Na frente ribeirinha da vila de Alcochete, há segredos que resistem ao tempo. Um deles é a Igreja de Nossa Senhora da Vida, edificada na segunda metade do século XVI e reaberta ao público no final de 2023, após obras de requalificação financiadas pelo Fundo Rainha Dona Leonor (186 mil euros) e Misericórdia de Alcochete, no valor total de 330 mil euros.

Após “incansáveis tarefas”, ao longo de mais de quatro anos, a provedora congratulou-se com o resultado desta empreitada, mas admitiu ao VM a sua preocupação com os encargos decorrentes da reabilitação e manutenção do edifício. “Foi para a anterior Mesa Administrativa uma deliberação difícil, discutível, mas corajosa perante os encargos financeiros assumidos com enorme esforço face aos parcos rendimentos da instituição”, proferiu no discurso de inauguração, a 9 de dezembro de 2023. Maria Manuela Boieiro lamentou ainda a falta de apoio financeiro do município na recuperação de uma capela “cujo valor histórico é indiscutível e faz parte da memória coletiva dos alcochetanos”.

O início da obra gerou surpresa entre a população, que reagiu com “admiração e esperança porque a capela está muito ligada à sua vida”, constatou a provedora. Dois dias após a inauguração, as portas abertas chamaram a atenção dos habitantes que pediram para entrar e conhecer o espaço. “Moro cá há tanto tempo e nunca vi esta igreja aberta. Está muito bem, gostei de ver. Muitos parabéns!”, exclamou uma alcochetana, que mora nas redondezas, na companhia de uma vizinha de 75 anos que “mora aqui há 60 anos” e só hoje a viu por dentro.

O edifício, classificado como monumento nacional em 1996, foi construído em 1577 por um médico de Alcochete, Afonso de Figueira, e a sua mulher, Júlia de Carvalho, que se encontram sepultados junto ao altar-mor e doaram o templo à Misericórdia. No século XVII, esta antiga ermida, de invocação ao Espírito Santo, passa a designar-se de Nossa Senhora da Vida, por influência de Nuno Álvares Pereira, e em 1758 as paredes da nave foram revestidas por azulejos, com representação de cenas da vida da Virgem, adquiridos a um azulejador de Lisboa.

A requalificação deste conjunto azulejar foi uma das tarefas mais exigentes em todo o processo devido à falta de azulejos e condições ambientais do local. “Faltavam 80% dos azulejos originais e o salitre e a humidade faziam saltar os azulejos. Quinze dias depois de os fixarem estava tudo caído no chão”, recordou a provedora, louvando a competência e dedicação da equipa que zelou pela conservação deste património histórico desde o telhado, aos altares, cúpula, paredes e azulejos. “Expressamos a todos vós o nosso apreço e reconhecimento”, reconheceu na cerimónia de inauguração.

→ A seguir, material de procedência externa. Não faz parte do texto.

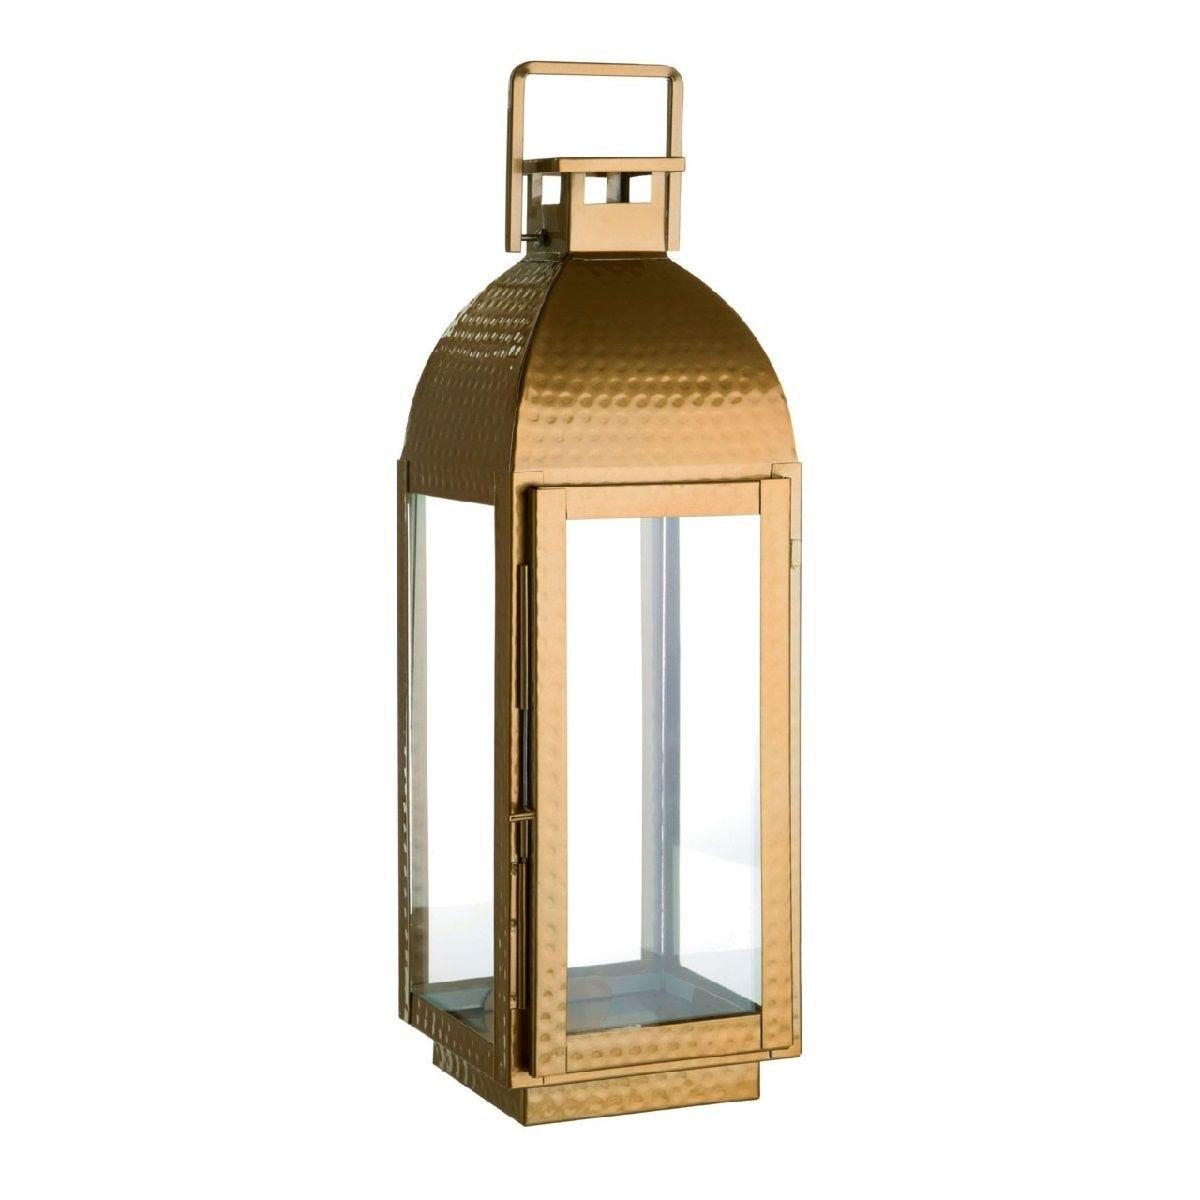 Premier Housewares Ravi Small Lantern in Stainless Steel/Glass - Brass Finish
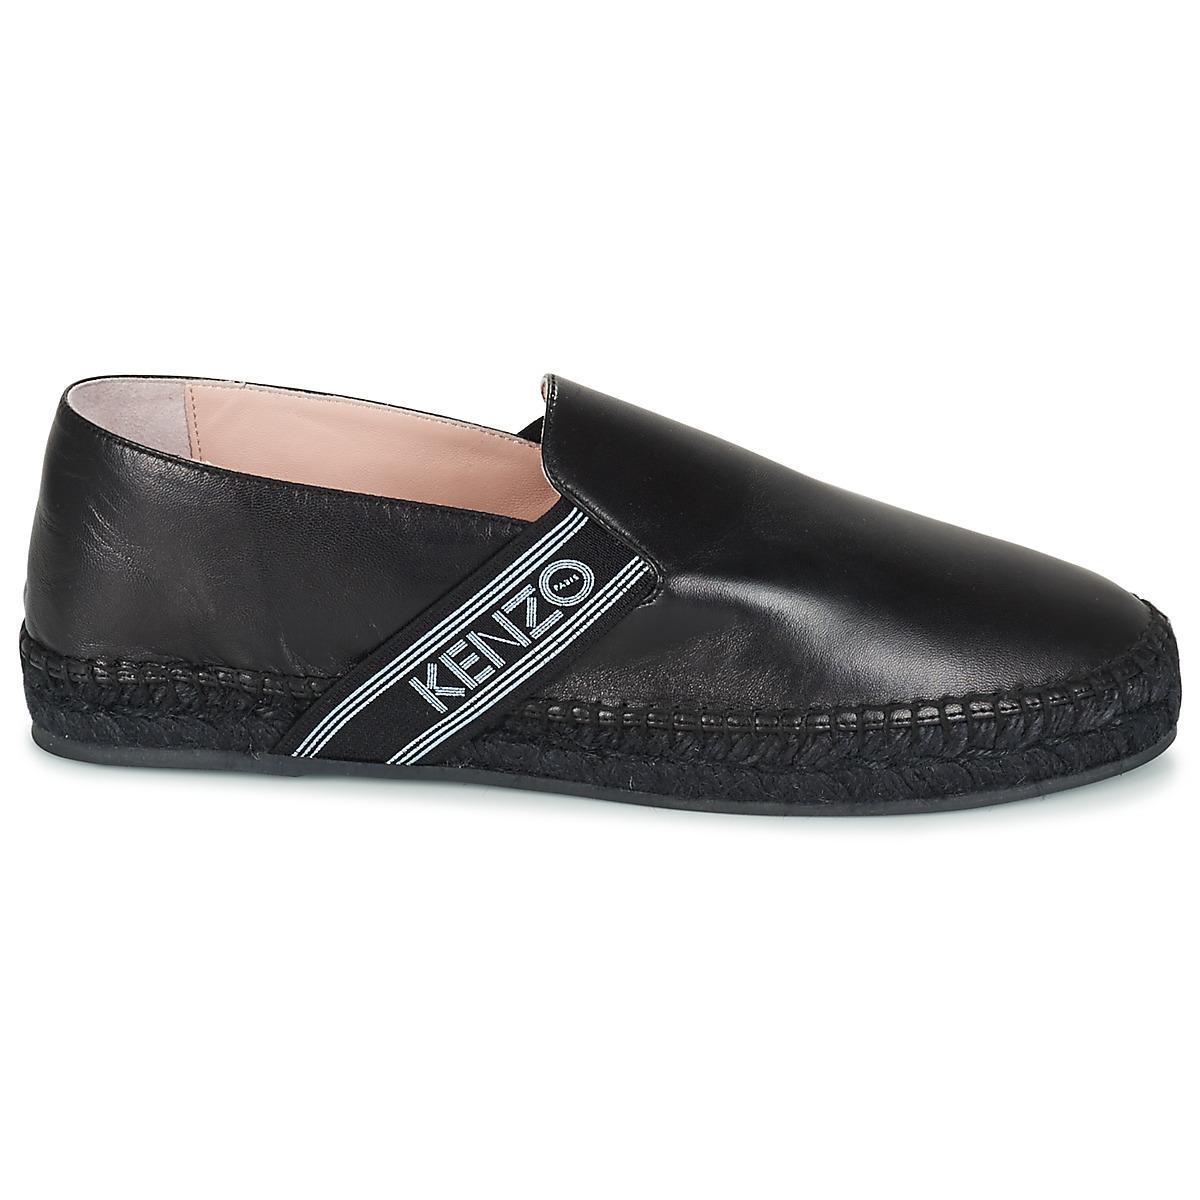 965e6d906 KENZO - Black Kapri Espadrilles / Casual Shoes - Lyst. View fullscreen
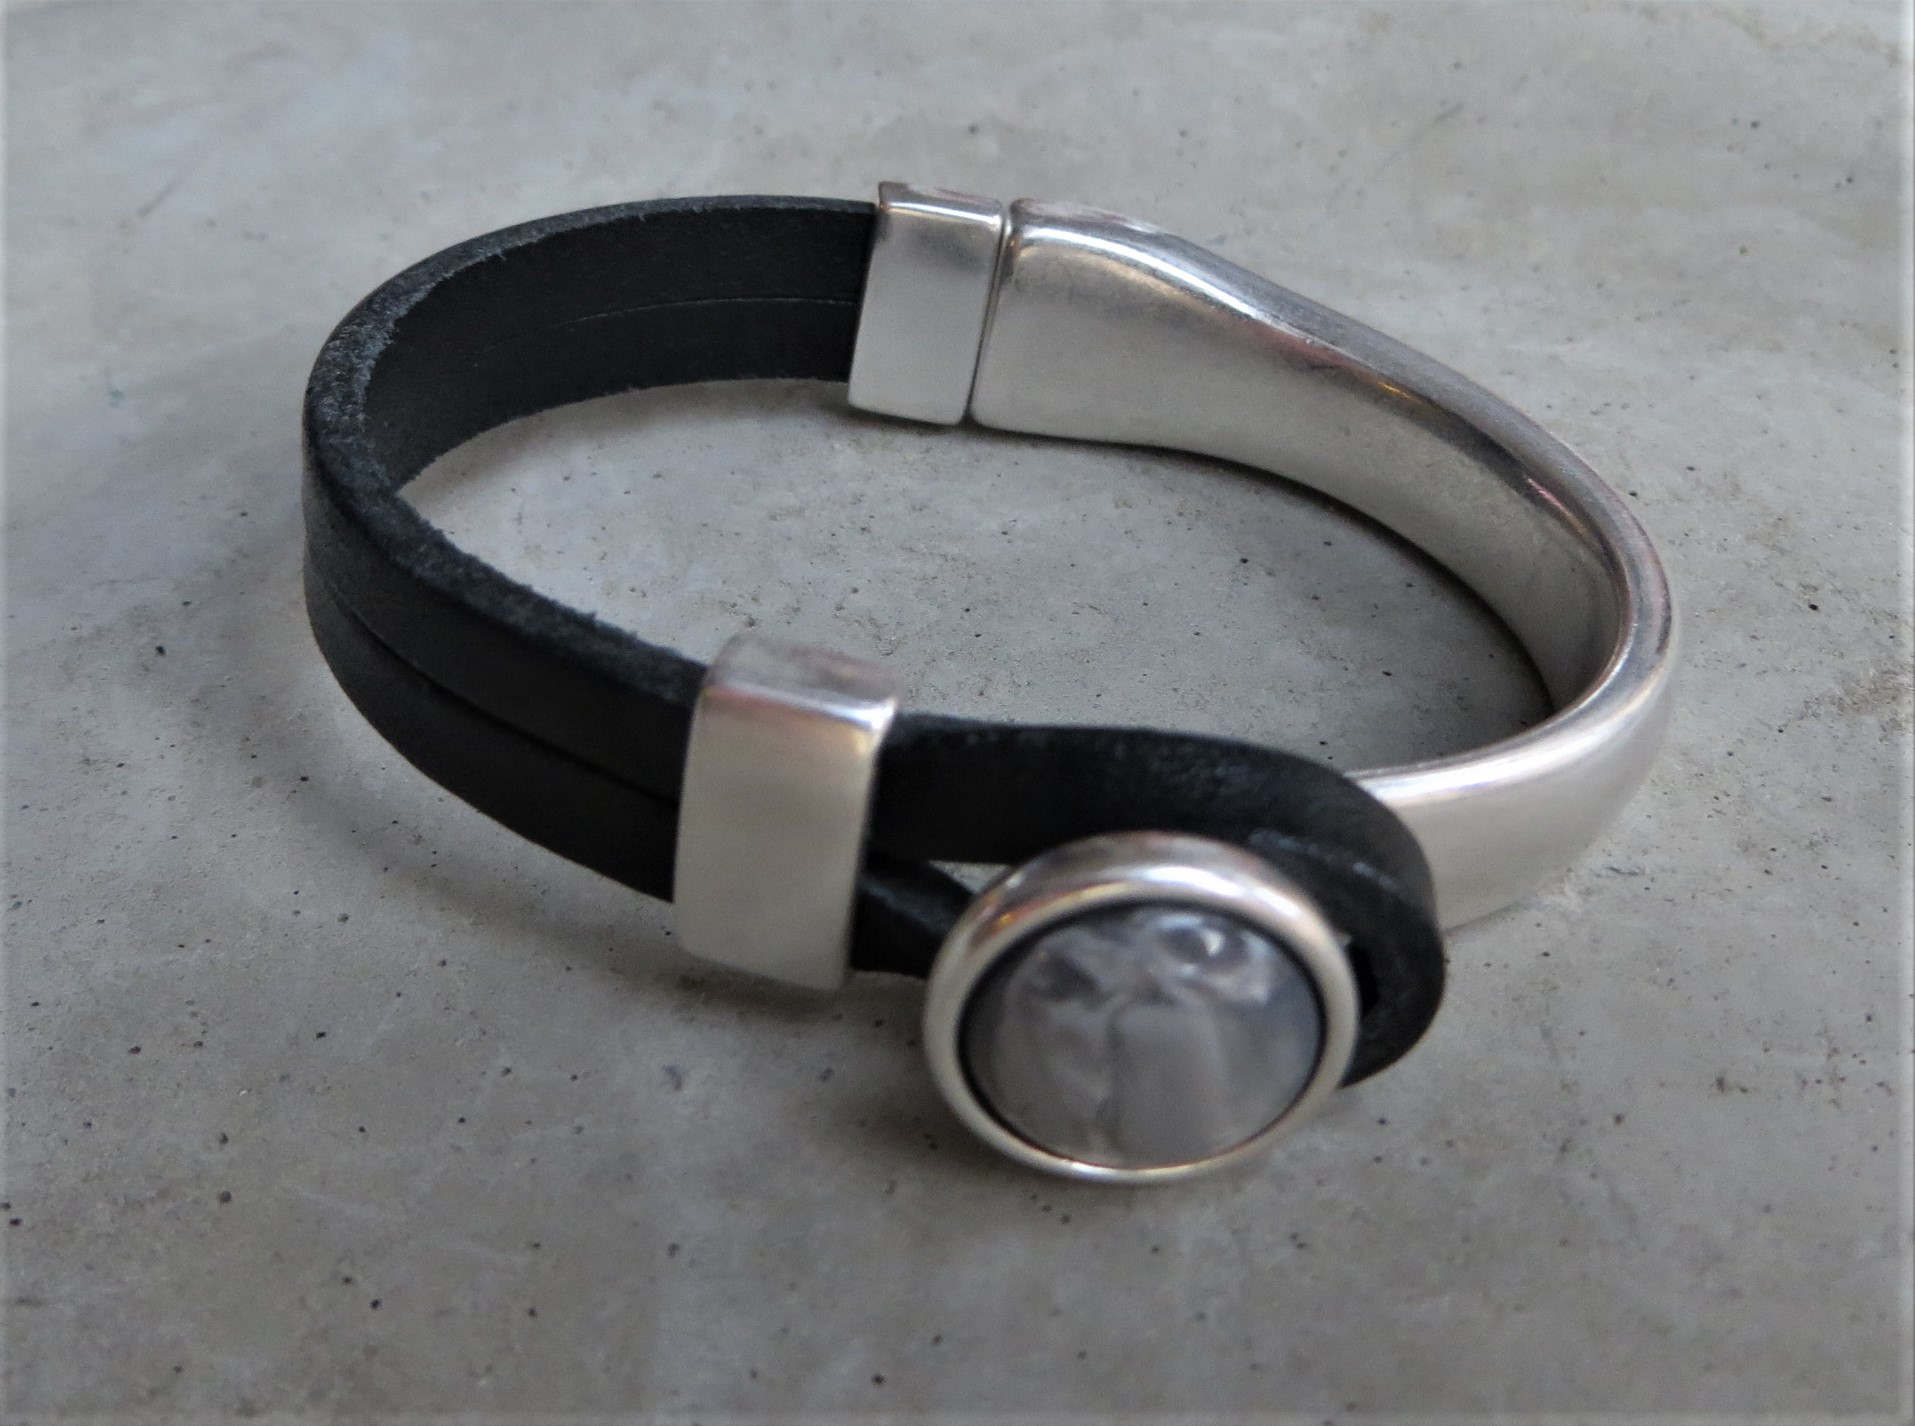 Armbaender - QOSS Armband GWEN Schwarz Grau S  - Onlineshop Tante Emmer
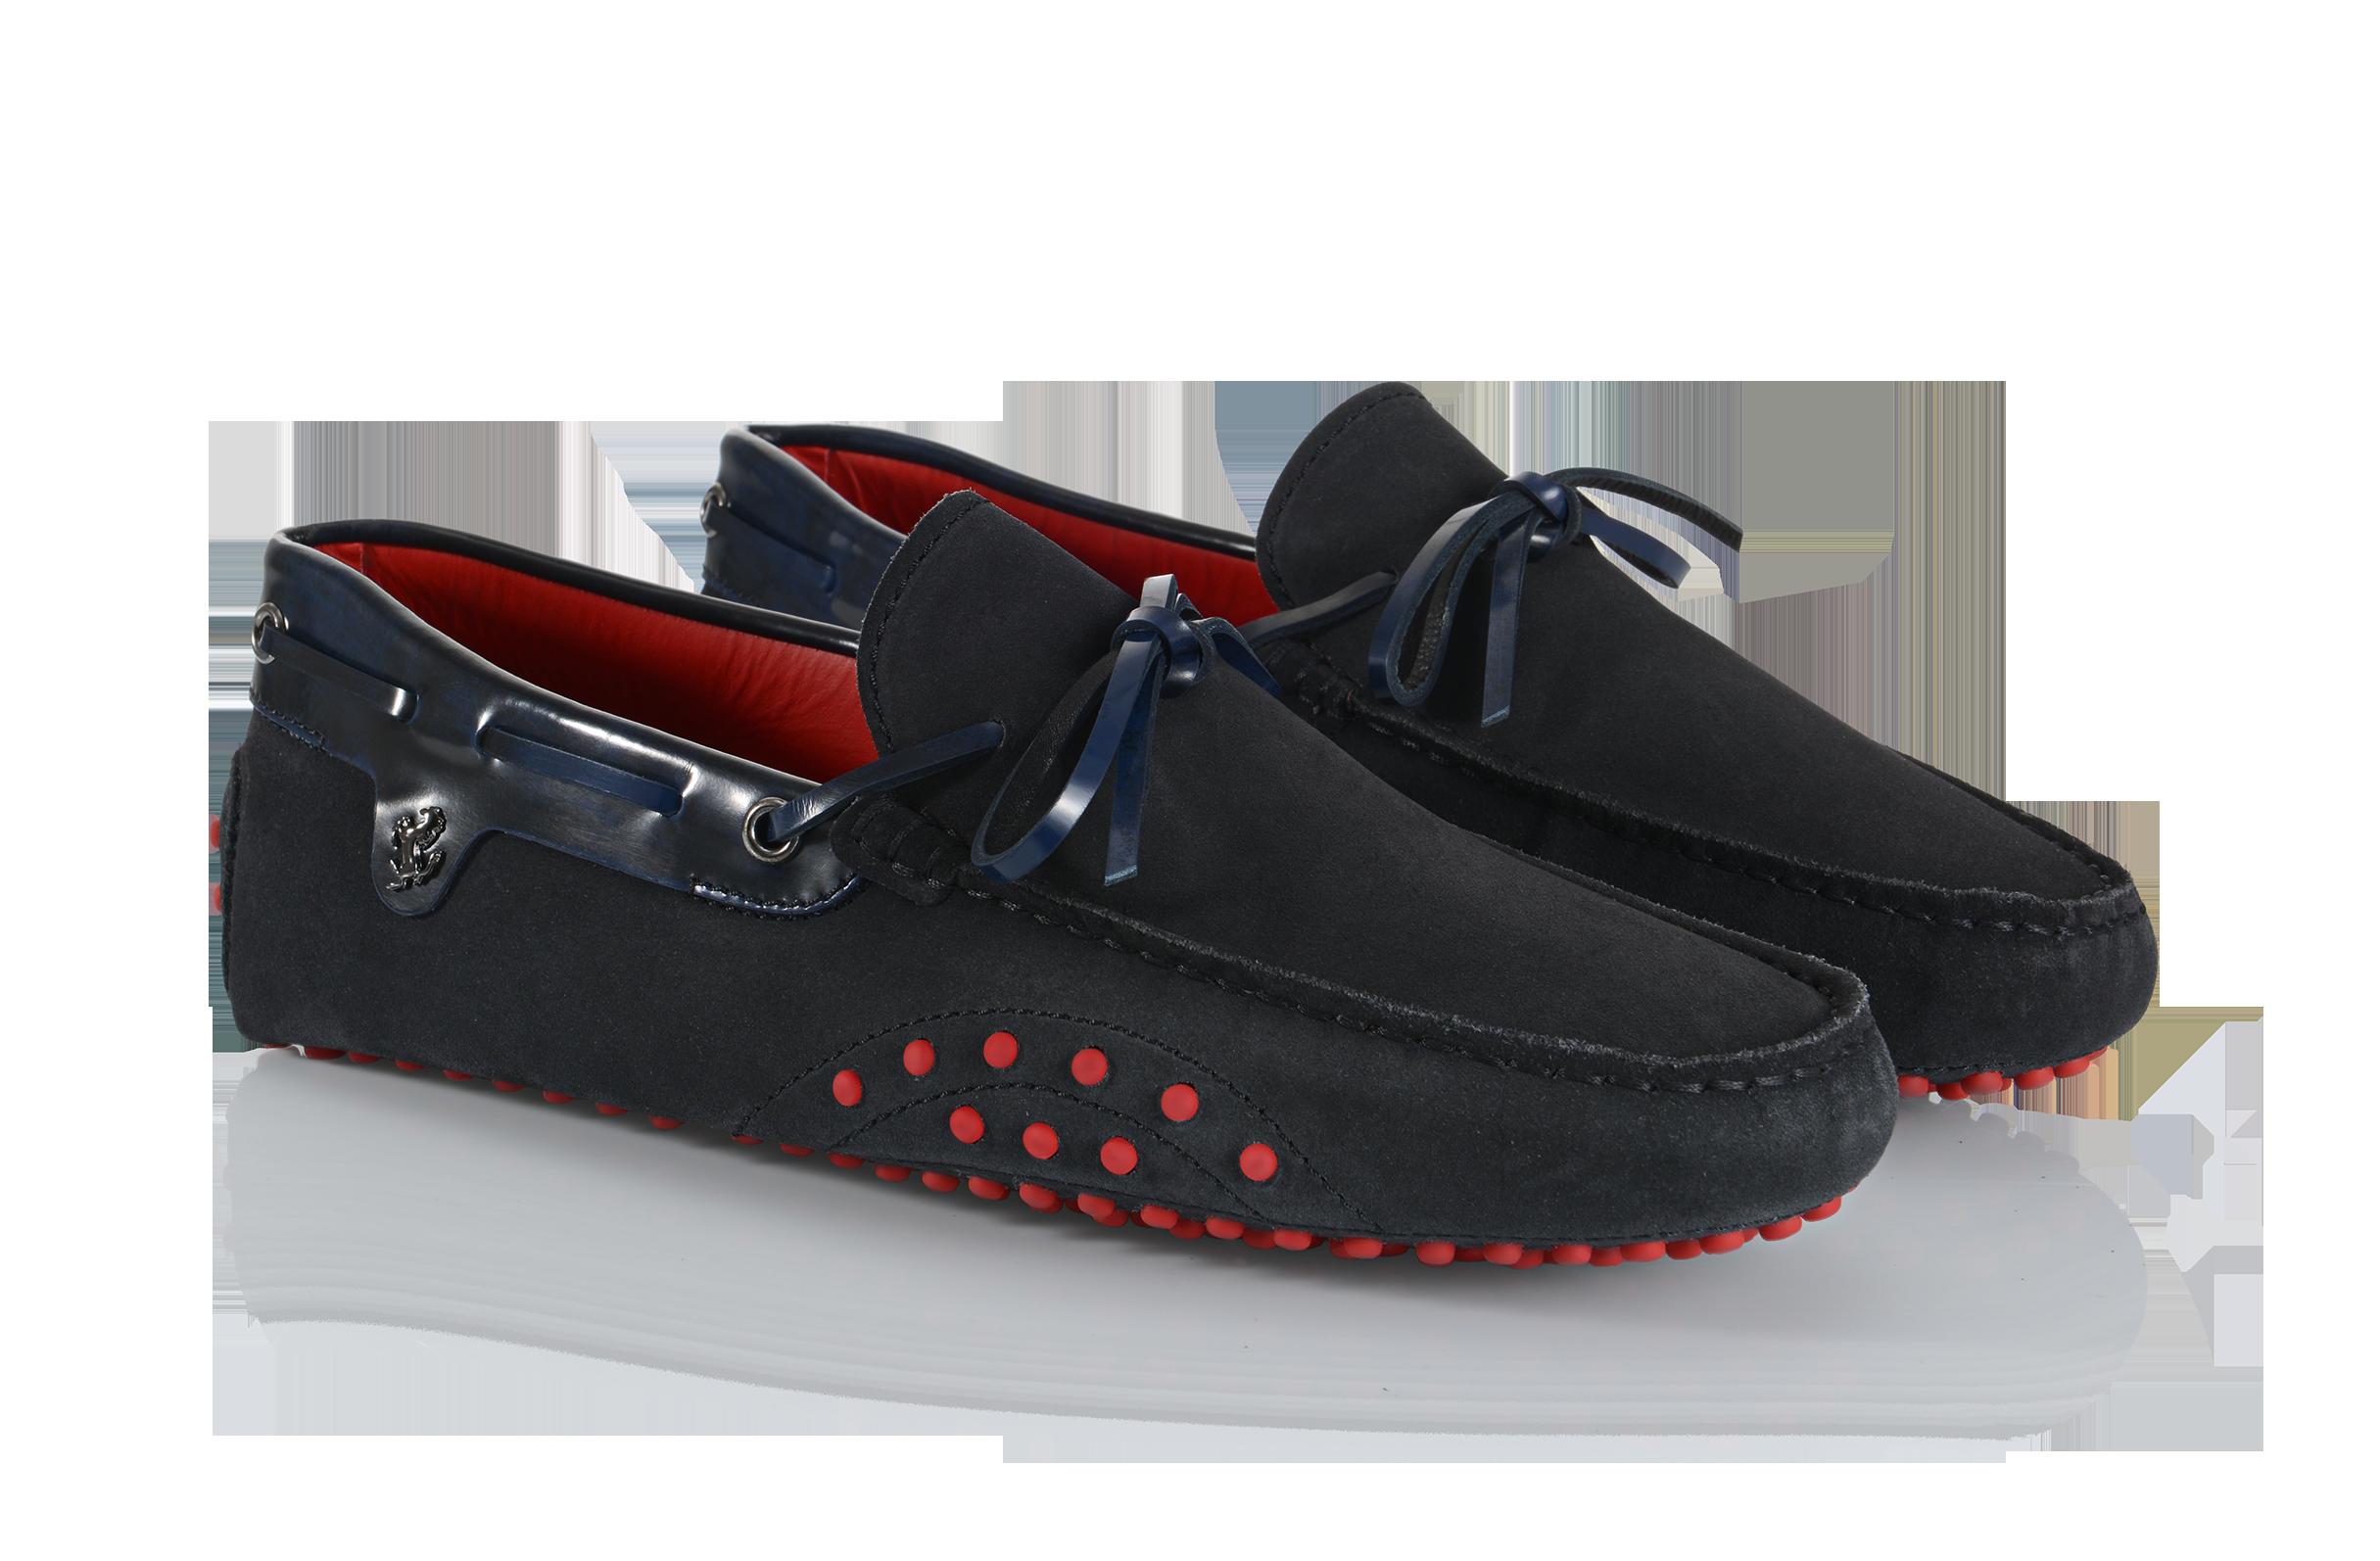 c712281f10e9c2 ... Shoes par Nara Chounramany. Gommino Mocassin Ferrari En Daim, All, Tod's  For Ferrari, Shop Homme.

Em relação ao horário de visitas e eucaristias, que suscitou muitas perguntas da comunidade, a provedora esclareceu que o objetivo, a médio prazo, é abrir portas para eventos culturais, casamentos e batizados da comunidade, em função da disponibilidade do pároco local.

Apesar da satisfação por ver o templo imaculado e repleto de visitantes, a provedora não esconde a sua preocupação com a manutenção do edifício, que se encontra a poucos metros do rio. Por enquanto a responsabilidade compete exclusivamente à Misericórdia de Alcochete, que contraiu um empréstimo bancário no valor de 140 mil euros para fazer face a estas despesas, mas Maria Manuela Boieiro considera que a “responsabilidade de cuidar destes monumentos que fazem parte da história de um povo devia competir também ao Estado”.

Na mesma frente ribeirinha, localiza-se a igreja da Misericórdia e respetivo núcleo de arte sacra, cuja gestão está a cargo do município, e mais adiante o Lar Barão Samora Correia, onde funcionam as respostas sociais de centro de dia, estrutura residencial, apoio domiciliário e cantina social. A este património, juntam-se alguns imóveis, uma herdade e duas antigas salinas, com rentabilidade reduzida. “Antigamente, o sal era ouro branco e a Misericórdia era próspera, mas deixámos de explorar no final dos anos 1960, devido a uma opção nacional de passar a importar sal, e hoje as duas marinhas são exploradas por uma empresa de aquacultura”, lamenta.